I've been on statins for a number of years and been on BP pills. My BP before treatment was 175/95 and my cholesterol was 8.3 (HDL of 1.3) before treatment. BP now reduced to 155/90. I've been having a few problems with the statins and i'm 40 so GP sent me to lipid clinic to check if I had FH. No lumps / bumps etc on tendons so specialist couldn't diagnose FH (he pointed me to this site) and only one incident of early heart attack in quite a big family (rest of my parents aunts and uncles into their 60's now and no CVD - only one uncle died at 42 with CVD).

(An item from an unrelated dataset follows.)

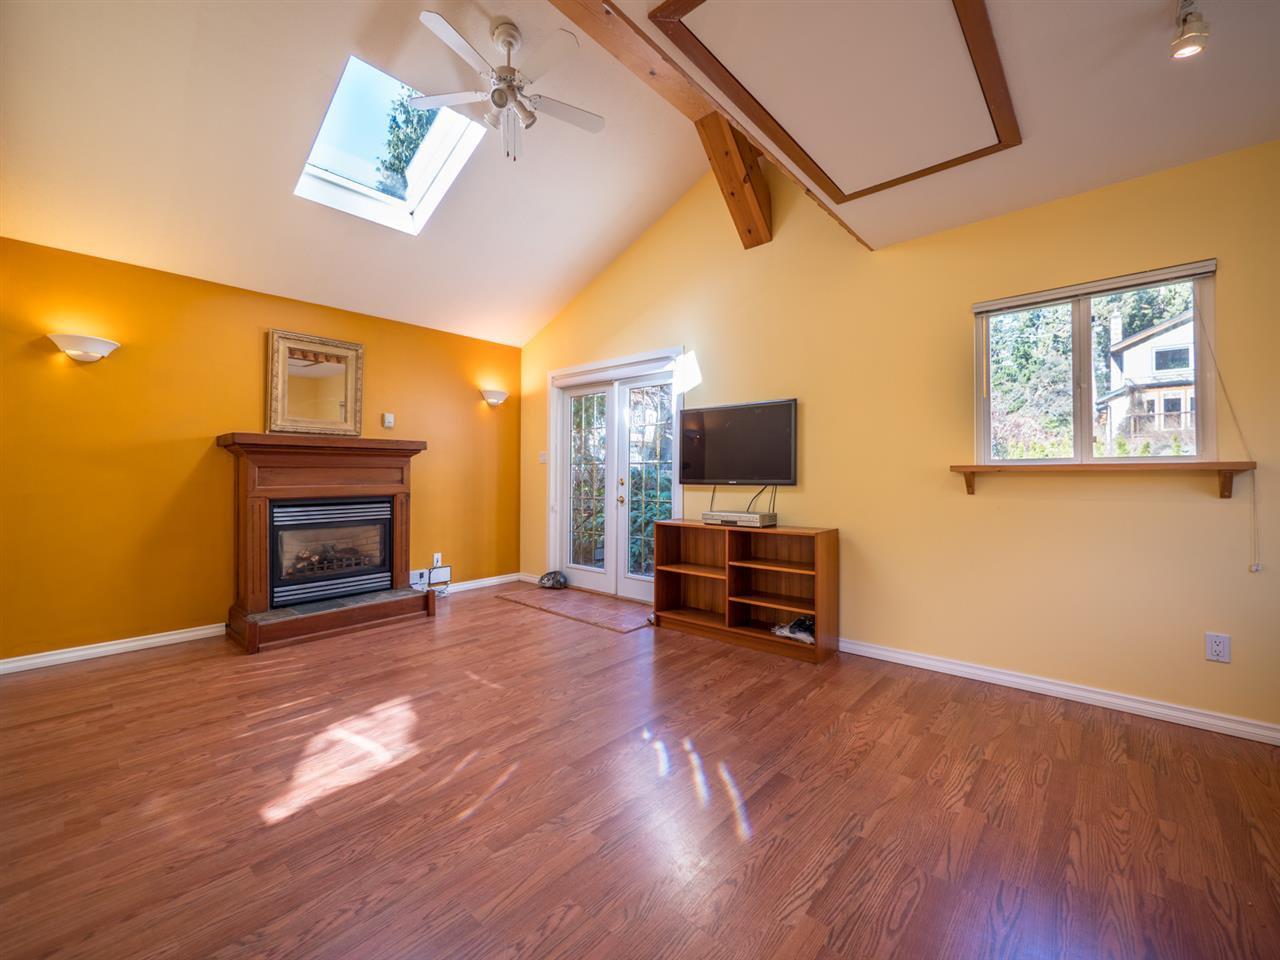 Photo 10: Photos: 3592 BEACH Avenue: Roberts Creek House for sale (Sunshine Coast)  : MLS®# R2244747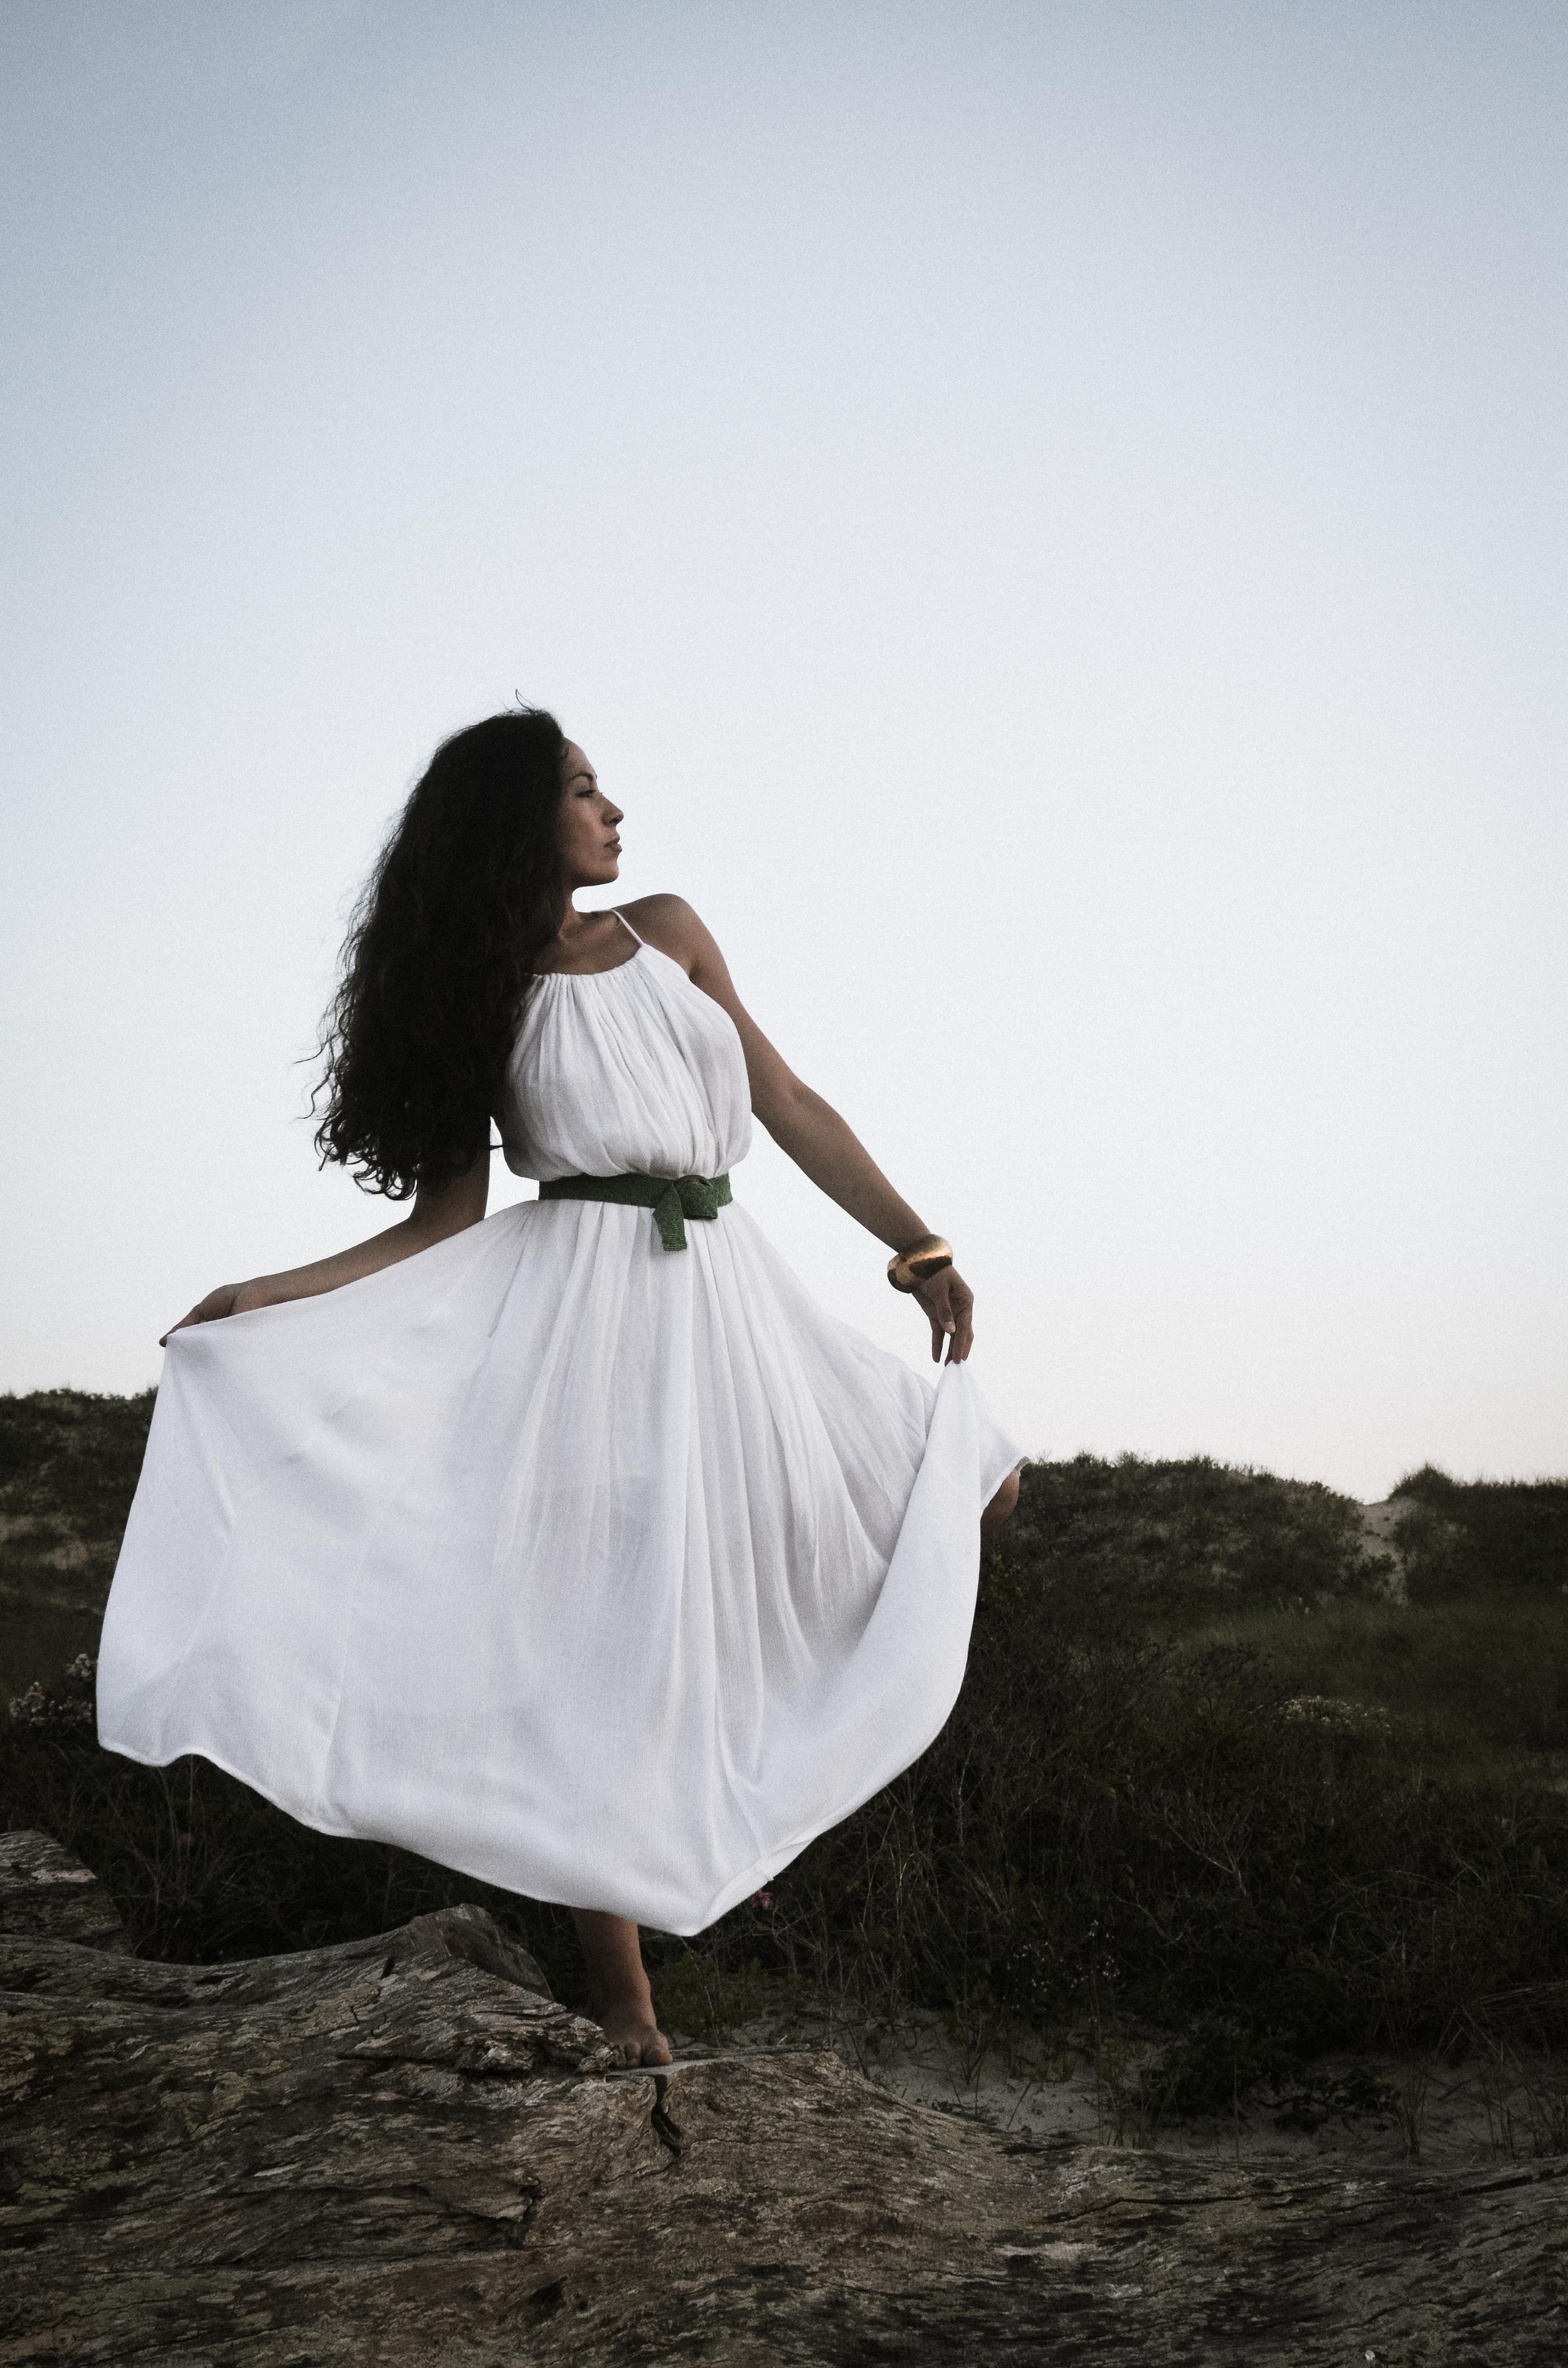 Emma_white dress2 (1 of 1).jpg

So - spoke to GP to ask opinion of whether or not taking statins would be a problem. She did a QRISK2 analysis and as I don't smoke, not diabetic etc, put in value of Systolic of 175 and Total Cholesterol / HLD ratio of 6.5, I got a risk of CVD in next 10 years of 3.9% (person with 'normal' cholesterol and BP gets 2%). So is all this effort based on 1.9% extra risk?
I then ran the same QRISK2 analysis with the same numbers if I was 50 and 60 and only by 60 did my QRISK2 numbers approach 20% (NICE recommendation for statin therapy!).
I'm now very confused about the actual risks in question. From a medical standpoint, doubling my risk of CVD in the next year is impressive, but from 2% to 4%?